This gets even more painful if I want to maintain changes that are not yet ready for committing or posting for review, and apply them alongside changes that are ready for review.

There are all reasons why I would not recommend this workflow to someone who is not already very familiar with Git.

The social solution to this problem would be for code reviews to happen faster, which would reduce the need to stack up changes. If all code reviews reached a conclusion within 24 hours, that would be an improvement. But I don't think that is going to happen.

The technical solution would be better patch management tools. I am increasingly thinking that Darcs' set-of-patches model would work better for this than Git's DAG-of-commits model. If I could set individual patches to be temporarily applied or unapplied to the working copy, and reorder and group patches, I think it would be easier to revisit changes that I have posted for review.

Friday, 6 August 2010

CVS's problems resurface in Git

Although modern version control systems have improved a lot on CVS, I get the feeling that there is a fundamental version control problem that the modern VCSes (Git, Mercurial, Bazaar, and I'll include Subversion too!) haven't solved. The curious thing is that CVS had sort of made some steps towards addressing it.

In CVS, history is stored per file. If you commit a change that crosses multiple files, CVS updates each file's history separately. This causes a bunch of problems:

CVS does not represent changesets or snapshots as first class objects. As a result, many operations involve visiting every file's history.
Reconstructing a changeset involves searching all files' histories to match up the individual file changes. (This was just about possible, though I hear there are tricky corner cases. Later CVS added a commit ID field that presumably helped with this.)
Creating a tag at the latest revision involves adding a tag to every file's history. Reconstructing a tag, or a time-based snapshot, involves visiting every file's history again.
CVS does not represent file renamings, so the standard history tools like "cvs log" and "cvs annotate" are not able to follow a file's history from before it was renamed.

In the DAG-based decentralised VCSes (Git, Mercurial, Monotone, Bazaar), history is stored per repository. The fundamental data structure for history is a Directed Acyclic Graph of commit objects. Each commit points to a snapshot of the entire file tree plus zero or more parent commits. This addresses CVS's problems:

Extracting changesets is easy because they are the same thing as commit objects.
Creating a tag is cheap and easy. Recording any change creates a commit object (a snapshot-with-history), so creating a tag is as simple as pointing to an already-existing commit object.

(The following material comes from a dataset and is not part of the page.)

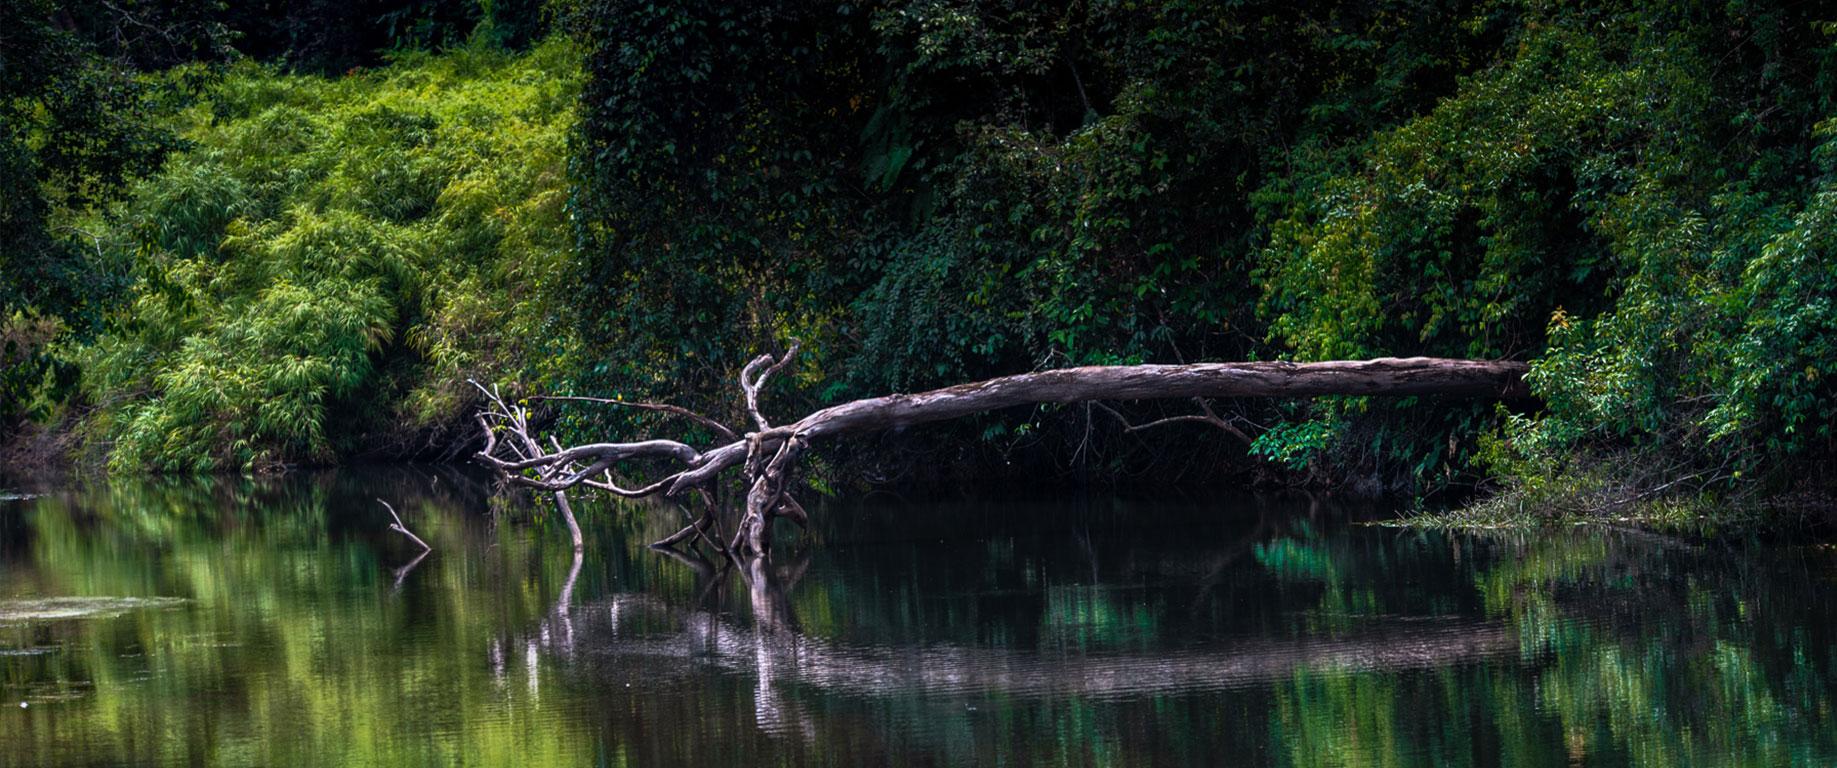 Paulo Behar Landscape Photograph - The Amazon Forest, Brazil
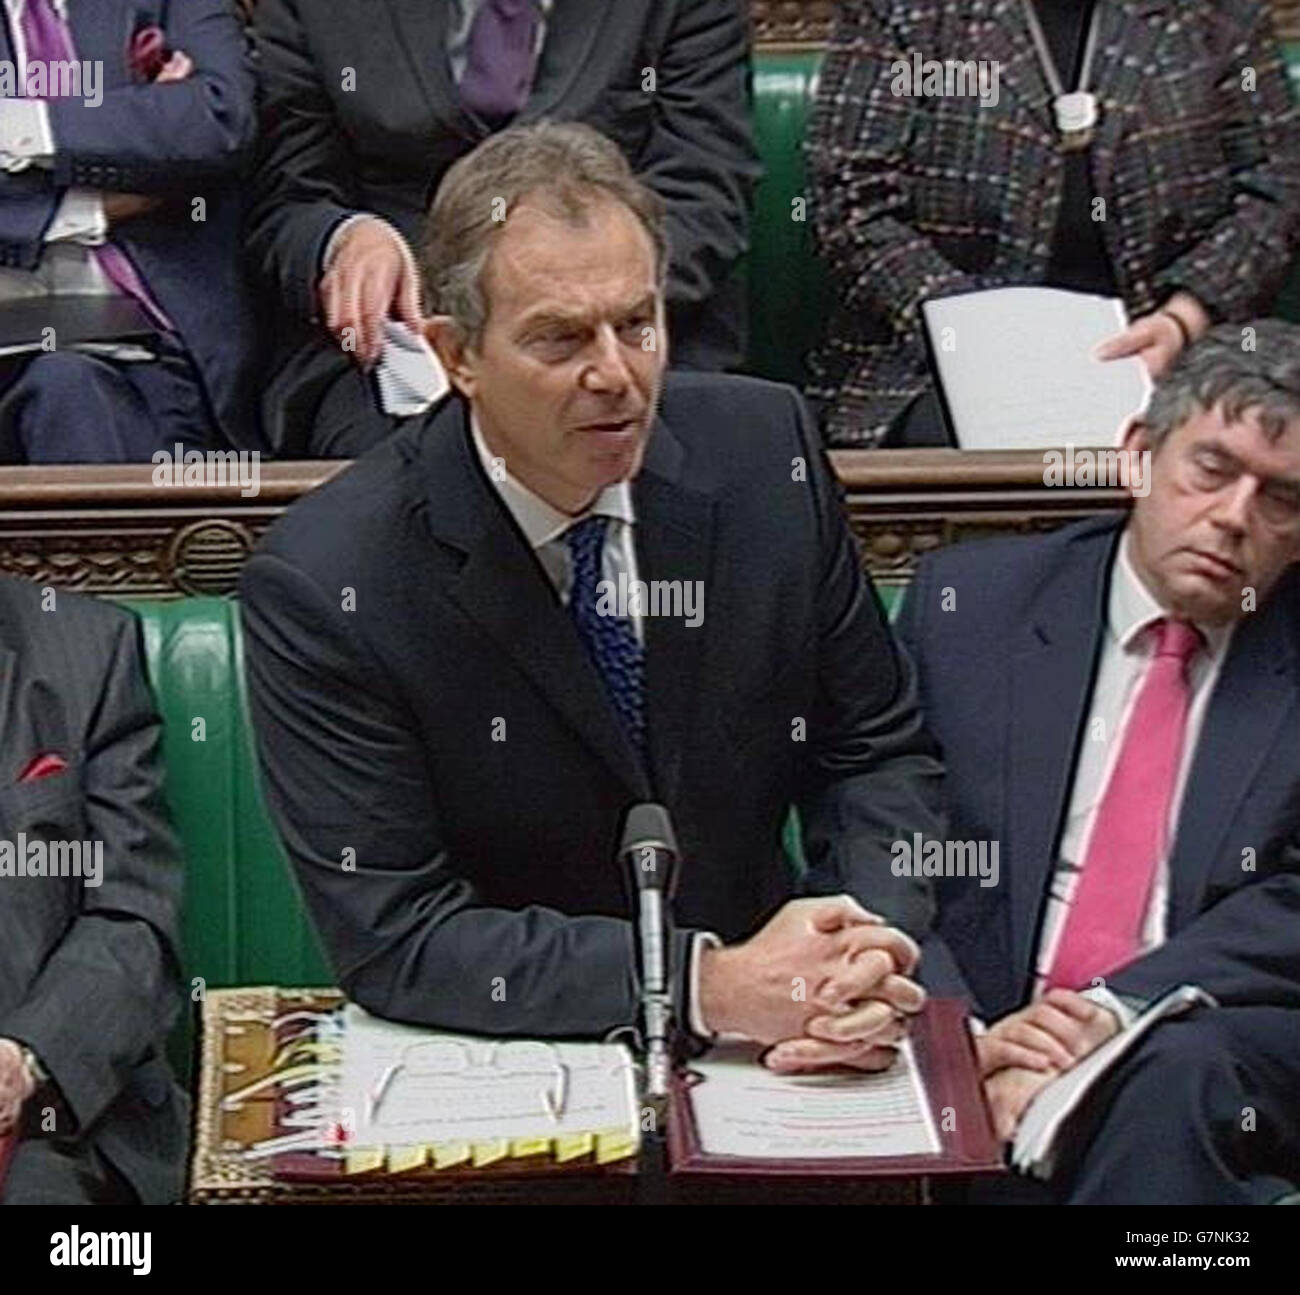 Questions du premier ministre - Chambre des communes. Le Premier ministre britannique Tony Blair. Banque D'Images

However, often it is not practical to put all the code that you're interested in into a single Git repository! (I pick on Git here because, of the DAG-based systems, it is the one I am most familar with.) While it can be practical to do this with Subversion or CVS, it is less practical with the DAG-based decentralised VCSes:

In the DAG-based systems, branching is done at the level of a repository. You cannot branch and merge subdirectories of a repository independently: you cannot create a commit that only partially merges two parent commits.
Checking out a Git repository involves downloading not only the entire current revision, but the entire history. So this creates pressure against putting two partially-related projects together in the same repository, especially if one of the projects is huge.
Existing projects might already use separate repositories. It is usually not practical to combine those repositories into a single repository, because that would create a repo that is incompatible with the original repos. That would make it difficult to merge upstream changes. Patch sharing would become awkward because the filenames in patches would need fixing.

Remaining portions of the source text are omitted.